A column by Rick Osbourne

Walk into any school system in the nation and you’ll find the following scenario. Approximately 10% of students will be strong and light enough (it takes both) to do at least one conventional pull up. Statistics confirm that students who can do even one pull up are ALMOST NEVER OBESE. On the other end of the spectrum you’ll find another approximately 10% of students who are just too heavy to do even one conventional pull up.

In between those two bookends you’ll find approximately 80% of students who are PROBABLY NOT OBESE, yet they lack the upper body pulling strength and kinesthetic know-how to do even one single pull up. Members of this 80% are particularly interesting because, as the low hanging fruit, they hold the key to winning the war against childhood obesity. Check it out.

The Low Hanging Fruit
You see, because they currently don’t carry much excess body fat, it’s relatively easy for members of this middle group to learn to do pull ups. In so doing, they’ll arm themselves against obesity for life if they simply maintain the ability – which itself demands decent eating and exercise habits and about 30 seconds each week from participants.

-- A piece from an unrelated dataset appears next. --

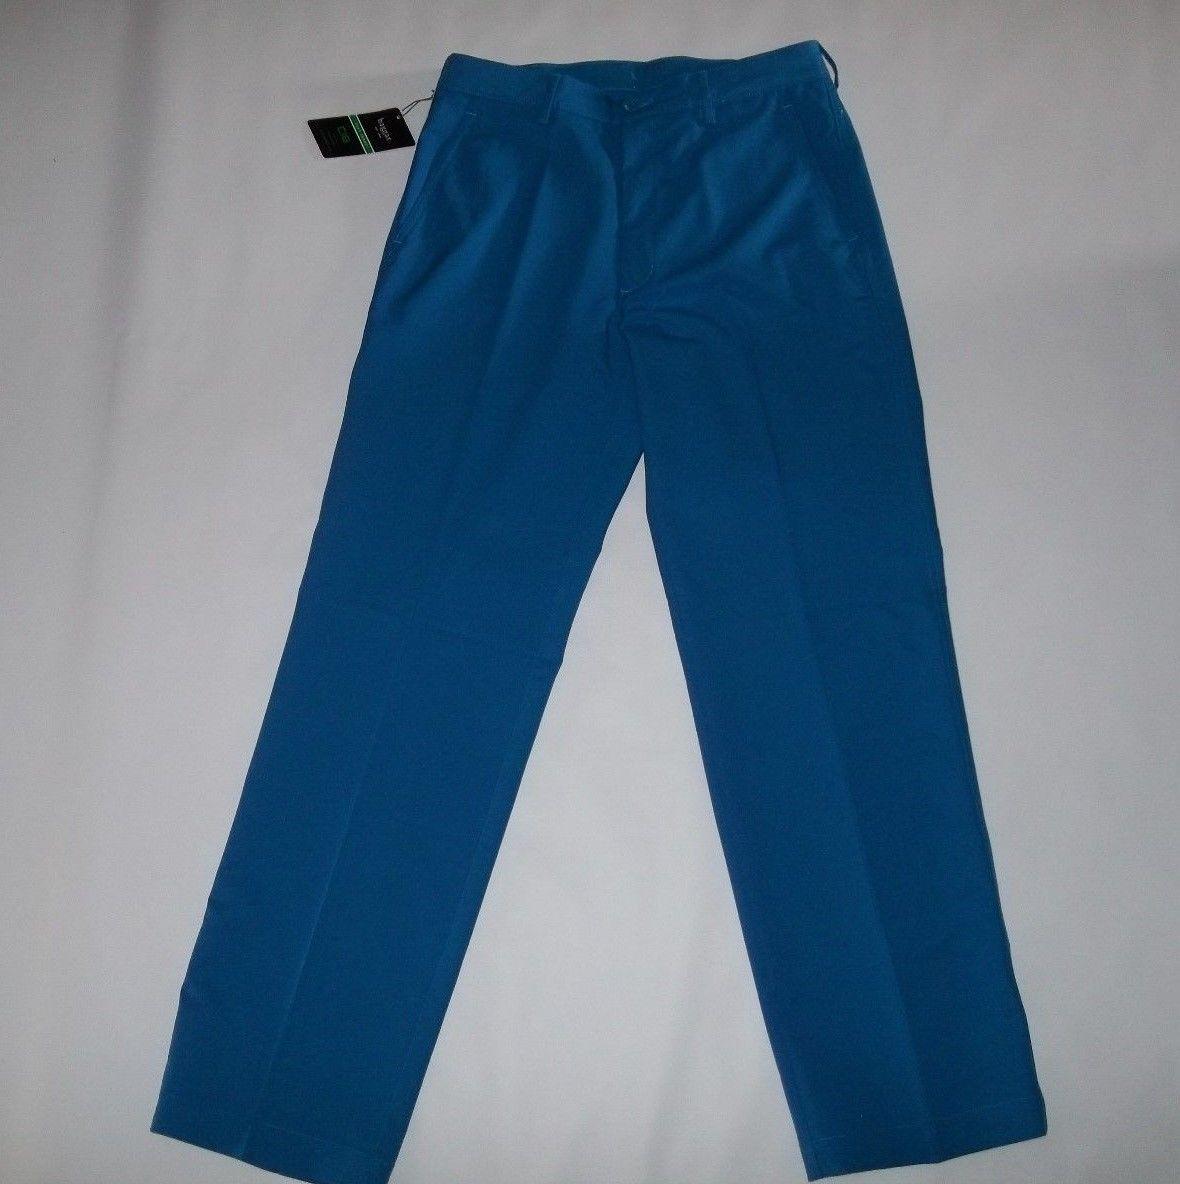 KRIZIA UOMO Men/'s Navy Blue Corduroy Cotton Pants $137 NEW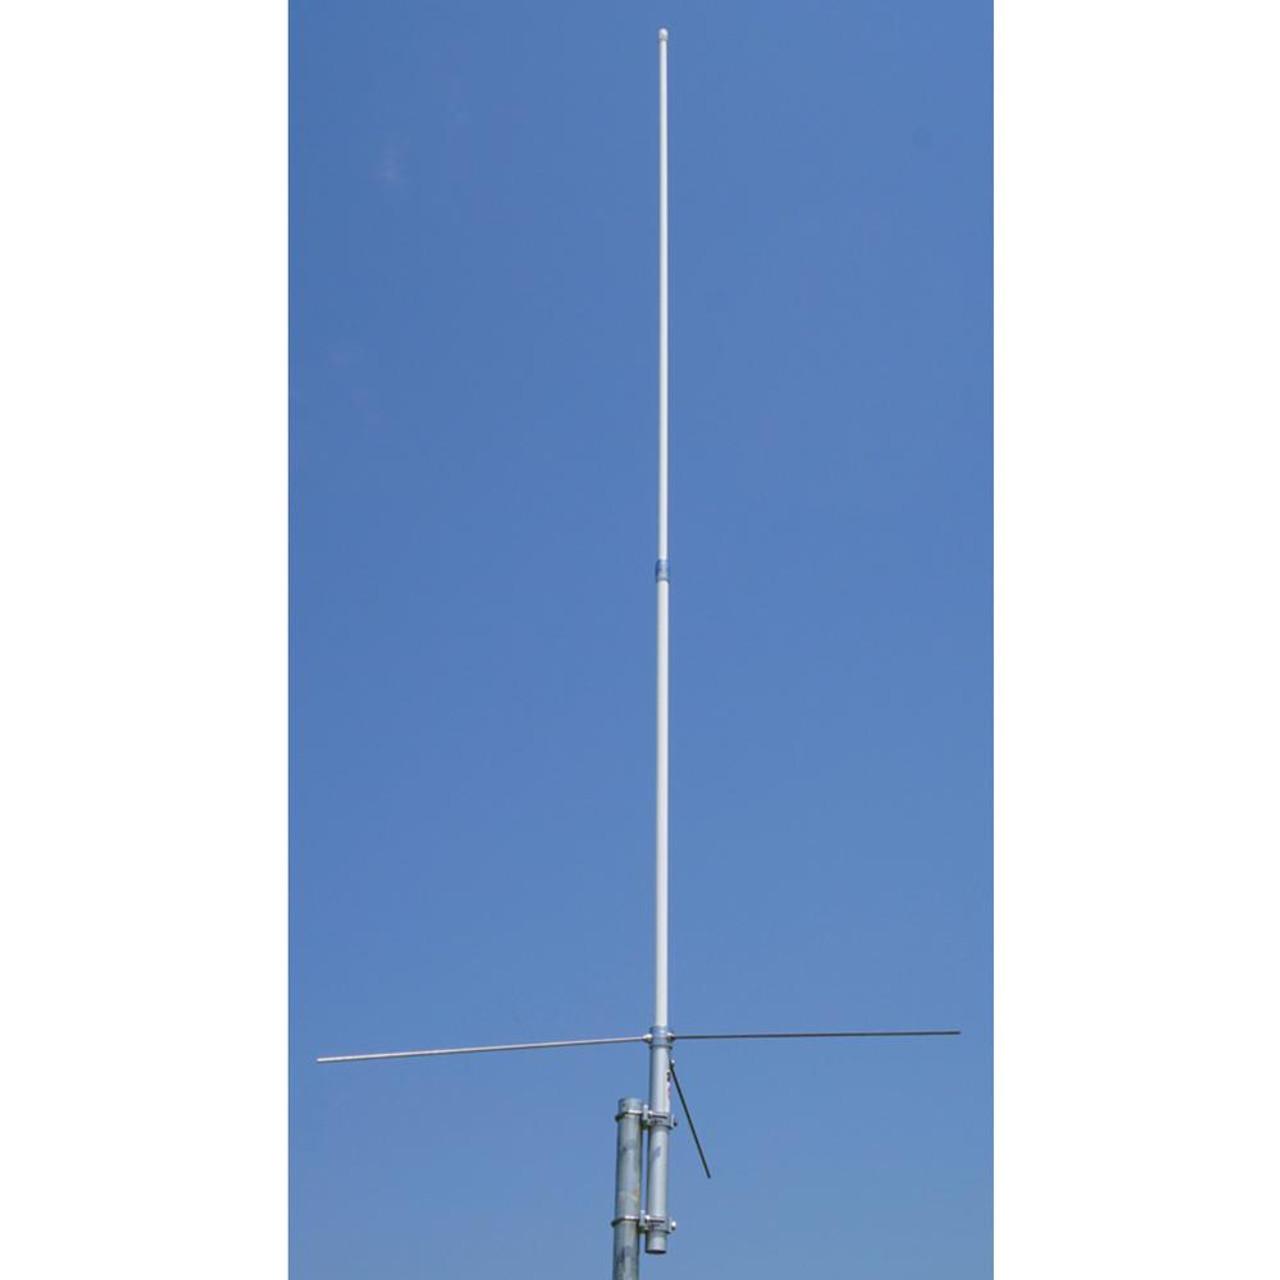 NEW TRAMCB Radio Marine Antenna

So on one hand, if they eat too poorly, exercise too little, and gain too much body fat, students will lose the ability to pull their own weight. On the other hand, if they maintain the ability, whatever they’re doing from an exercise and nutrition perspective is sufficient to allow them to avoid obesity for life.

50% Armed Against Obesity for Life
Now what happens if we give all the kids in this school system access to the info and experiences that will help them develop the ability, and half of the 80% group learns to do pull ups in the first school year? Do the math and you’ll find that 50% of all students (10% + 40% = 50%) will be able to physically pull their own weight in year one. And yes, if they maintain the ability they’ll never have to wrestle with obesity and related problems for the rest of their lives.

In year two let’s say that half of the remaining 40% of that middle group learns to physically pull their own weight. At the end of the second year you’ll have 70% of students (50% + 20% = 70%) who are armed against obesity for life as long as they maintain the ability.

Five Years and Obesity is History
If this scenario is repeated over four or five years, obesity would be eliminated among the middle 80% of students, and when added to the original 10% who were already able do pull ups, you’d have 90% of your students who have armed themselves against obesity for life.

On the other hand, we’ve still done nothing to address the problem for the 10% of students who currently suffer from the problem. What does this functional strategy offer them?

Rehab is All About Motivation
It offers simplicity, understandability, a place to start and succeed immediately, and a way to make regular, documented progress over time until these students finally develop the ability to physically pull their own weight and have armed themselves against obesity for life. In other words, it offers this 10% of students a way to get motivated, a way to stay motivated, to persist, and to do the things they must do in order to reach the goal of learning to do at least one conventional pull up. With this group it all really does boil down to three things, motivation, motivation, and more motivation.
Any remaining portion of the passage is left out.